La cosa más tonta
Compañeras, directivos, secretarias y vecinos saben qué sucede cuando se cierra una puerta, el silencio que llega después, los susurros, la silla desplazándose, el runrún de unos golpes acompasados, el silencio de nuevo
La niña levanta la vista y contempla una vasta extensión de agua serpenteante y viva. Hasta ese día, su vida se había desarrollado entre barrotes, en lo que le habían dicho que era un subterráneo, para ella el agua no existía sin un cubo metálico. Cuando introdujo el cuerpo en un río por primera vez, la niña debía tener unos catorce años. Jacqueline Harpman, en Yo que nunca supe de los hombres aborda las violencias con una delicadeza estremecedora, es posible que aquello de que no hay belleza si esta no encierra parte de lo terrible de la vida sea cierto: en el momento en el que la niña introduce las piernas en el agua y la siente por primera vez, la dicha y el dolor inician una batalla.
Hace semanas que la novela de la psicoanalista belga me ronda la cabeza. Conozco la magnitud de las violencias que narra Harpman, su río es mi reguero de niña en la huerta valenciana, lleno a rebosar de un agua fría que corre y me acaricia las piernas rechonchas, aliviando el calor del verano. La seguridad de la niña que chapotea ignorando la crueldad de la vida se asemeja bastante a transitar la ciudad sin el gas pimienta aferrado a la mano. La respuesta a una agresión no es ocultarnos, pienso últimamente. Después me digo que hablo desde el privilegio. Cuando alguien está siendo agredido quiere olvidarlo todo, que nadie sepa lo que le está sucediendo. Hace falta distancia, buena suerte y en ocasiones dinero, para poder enfrentar el dolor e iniciar el proceso de reparación.

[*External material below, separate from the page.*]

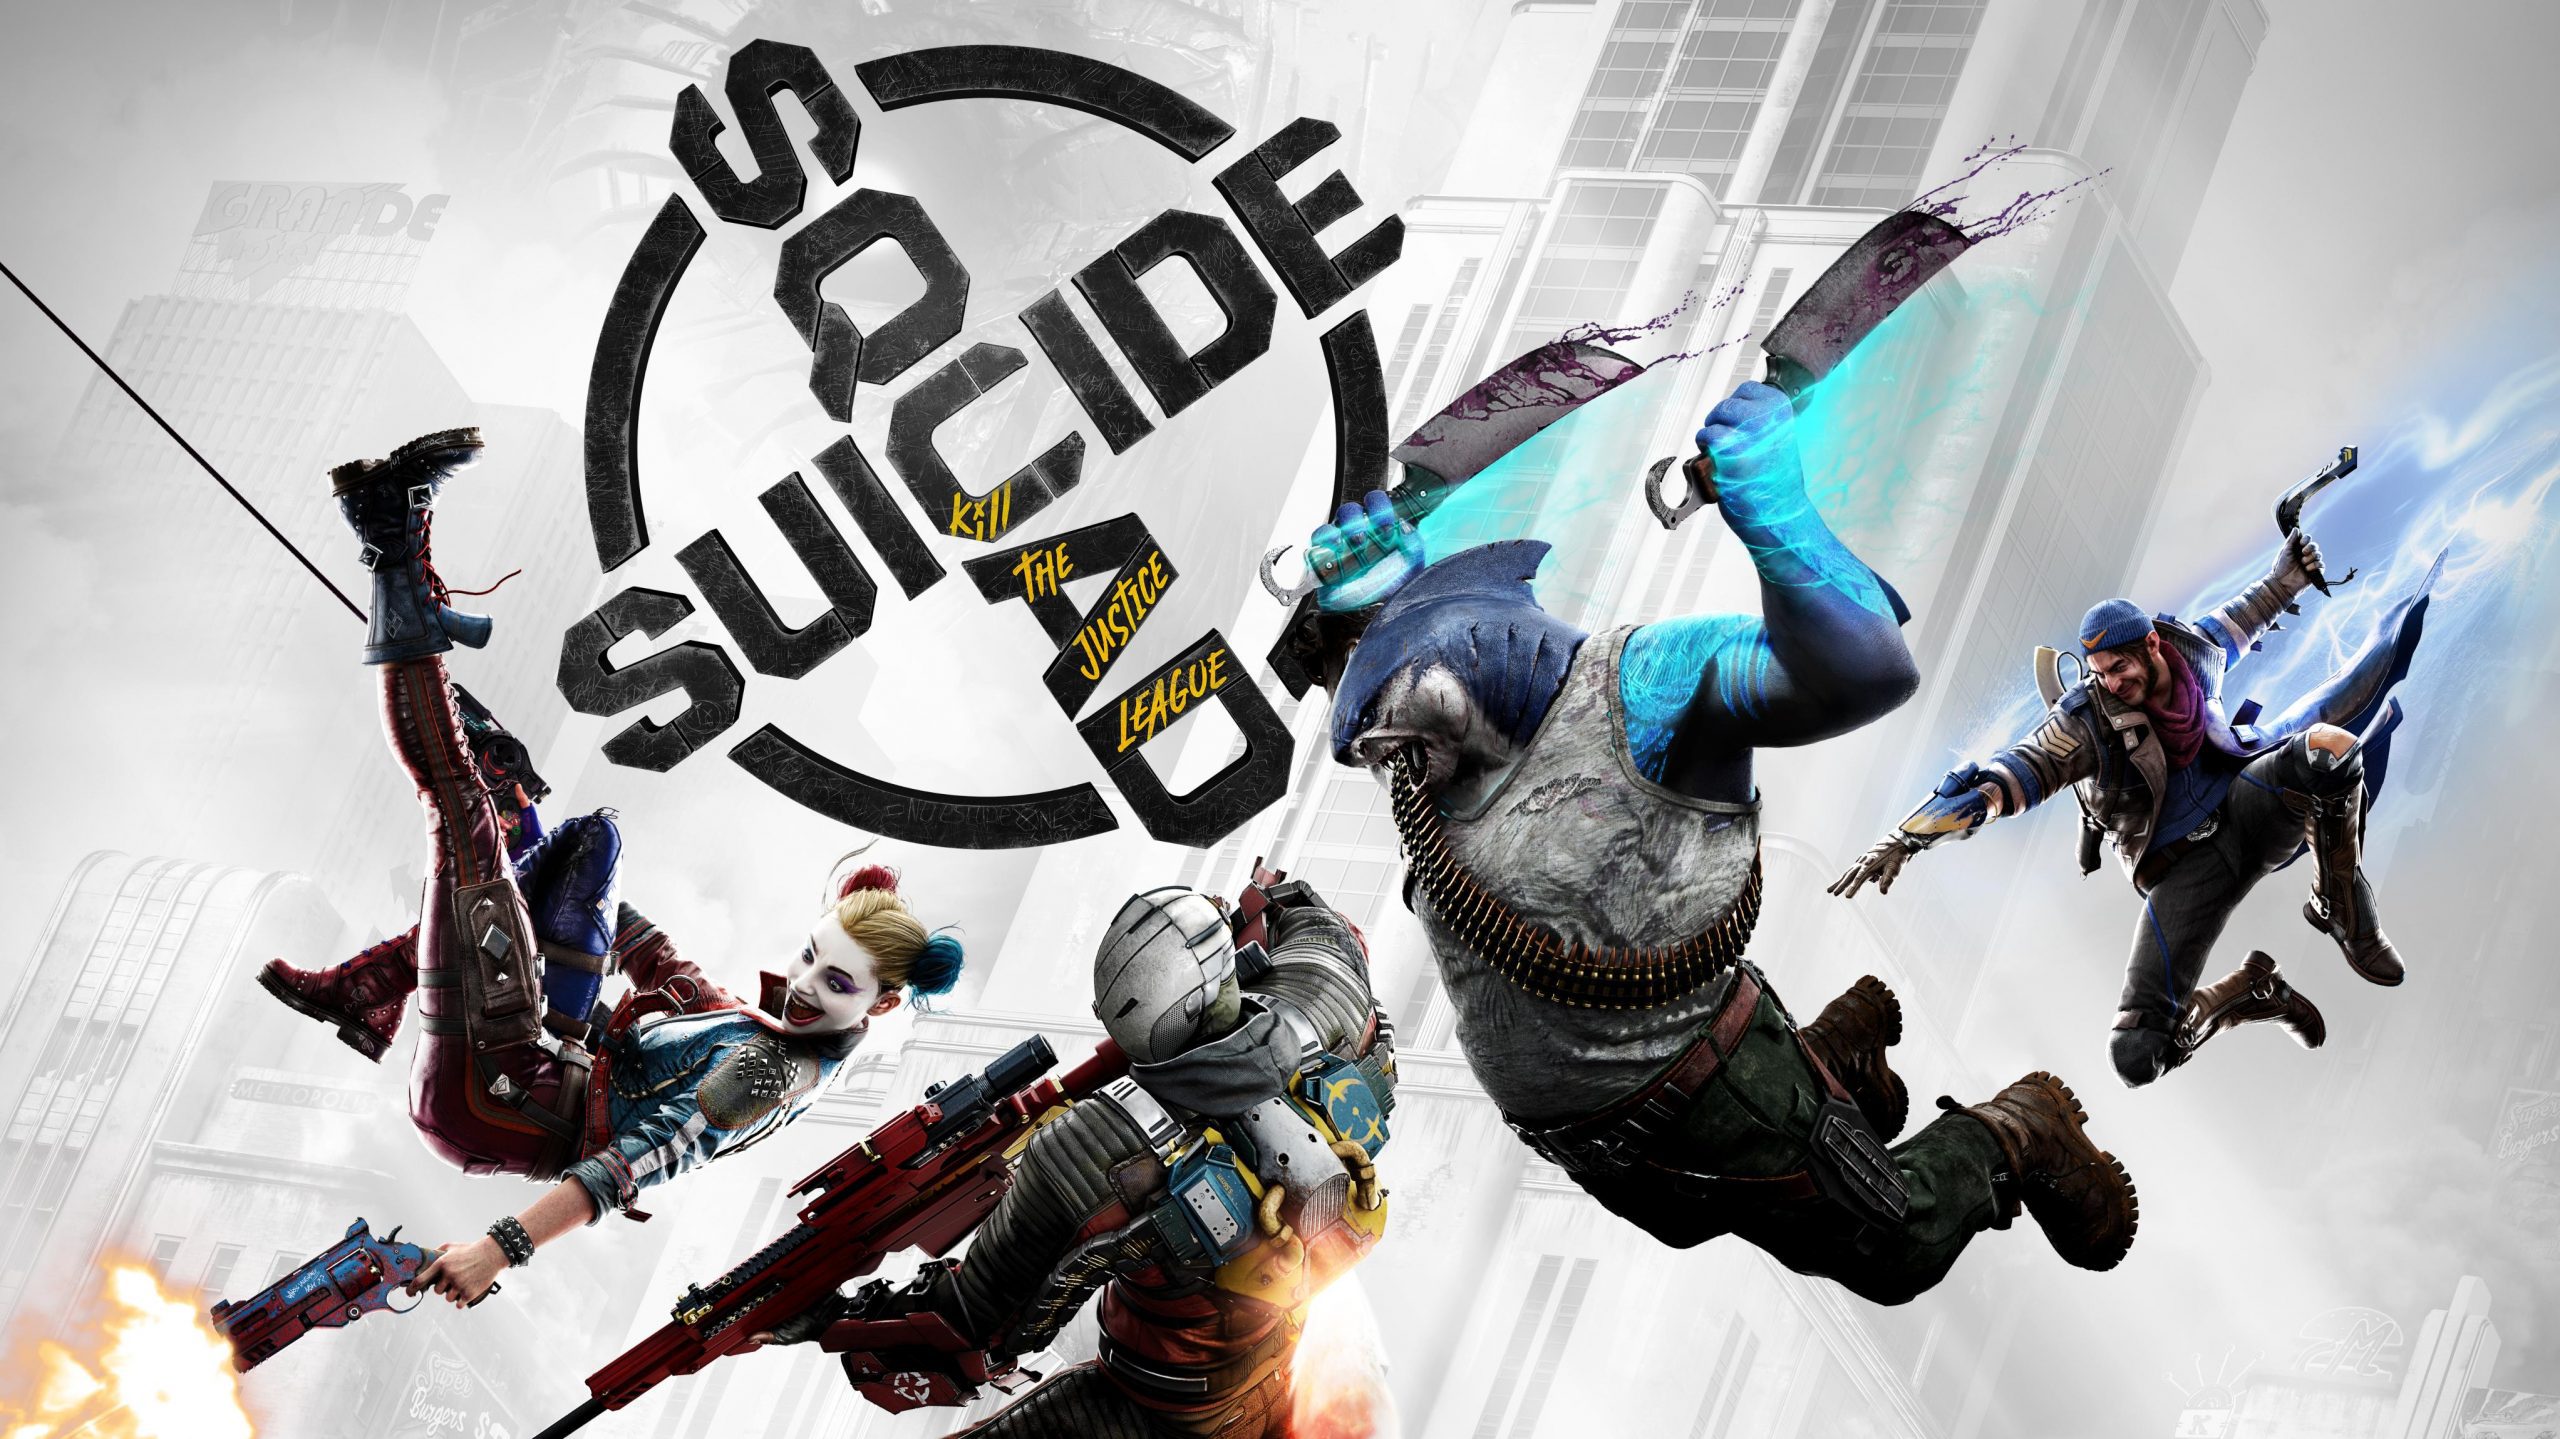 Nuevo vídeo de Suicide Squad: Kill the Justice League en acción que muestra el juego cooperativo para 4 jugadores

Emilia Pardo Bazán nos dejó decenas de cuentos que retratan vidas que pensamos que nada tienen que ver con las nuestras. Según la escritora María Ovelar, Bazán presenta dos tipos de protagonistas: las maltratadas, encerradas, acosadas, calumniadas, inseguras y supeditadas al rol tradicional, y las fuertes y empoderadas que luchan contra su destino. Yo me pregunto: cuando un marido decide golpearte o un directivo de quien depende tu sueldo fija su deseo en ti, cuando un grupo de jóvenes violan a tu yo adolescente y lo dejan inconsciente y sin ropa en un polígono industrial, ¿tendrás en algún momento la posibilidad de luchar contra tu destino? Pienso que, si no eres un personaje de ficción y una doña Emilia vela por ti, la tarea es complicada.
Hace un año escribí un tuit con relación a un caso de acoso que arrastro desde hace un tiempo y se armó un alboroto. Recibí un mensaje de un antiguo novio que me tiraba del pelo y que gritaba, que daba golpes y reventaba puertas. Hace 15 años, apretó el puño y se rompió el cuarto y quinto metacarpiano del dedo meñique. Lancé el tuit y el responsable de aquellas agresiones quiso seguir arreando patadas cerca de mi cuerpo. Si hay que partirle la cara, no te cortes, escribió.
Las violencias se suceden delante de nuestros ojos. En ocasiones salen de nuestras manos, pero preferimos no verlas. Compañeras, directivos, secretarias y vecinos saben qué sucede cuando se cierra una puerta, el silencio que llega después, los susurros, la silla desplazándose, el runrún de unos golpes acompasados, el silencio de nuevo. “Fue la cosa más tonta… de puro tonta no quise decirla”, dice la protagonista de El encaje roto cuando le preguntan por qué dijo que no en el altar. “La gente siempre atribuye los sucesos a causas profundas y trascendentales, sin reparar en que a veces nuestro destino lo fijan las niñerías, las pequeñeces más pequeñas...”. Las causas profundas se construyen sobre pequeñeces minúsculas que tienen un gran poder, es el amontonamiento de esas tonterías lo que acaba generando las mayores violencias. ¿Y si, aquel que se rompió la mano golpeando a su pareja, el que violó a una menor después de drogarla, o el tipo que se empeña en imponer su presencia, afrontaran ya su condición de verdugos? Las víctimas que siguen con vida no pueden cambiar su destino, pero sí podrían quitarse zapatos y calcetines e introducir de nuevo las piernas en el agua, sentir que lo están haciendo por vez primera, podrían empezar a experimentar el dolor y la dicha de metamorfosearse en supervivientes.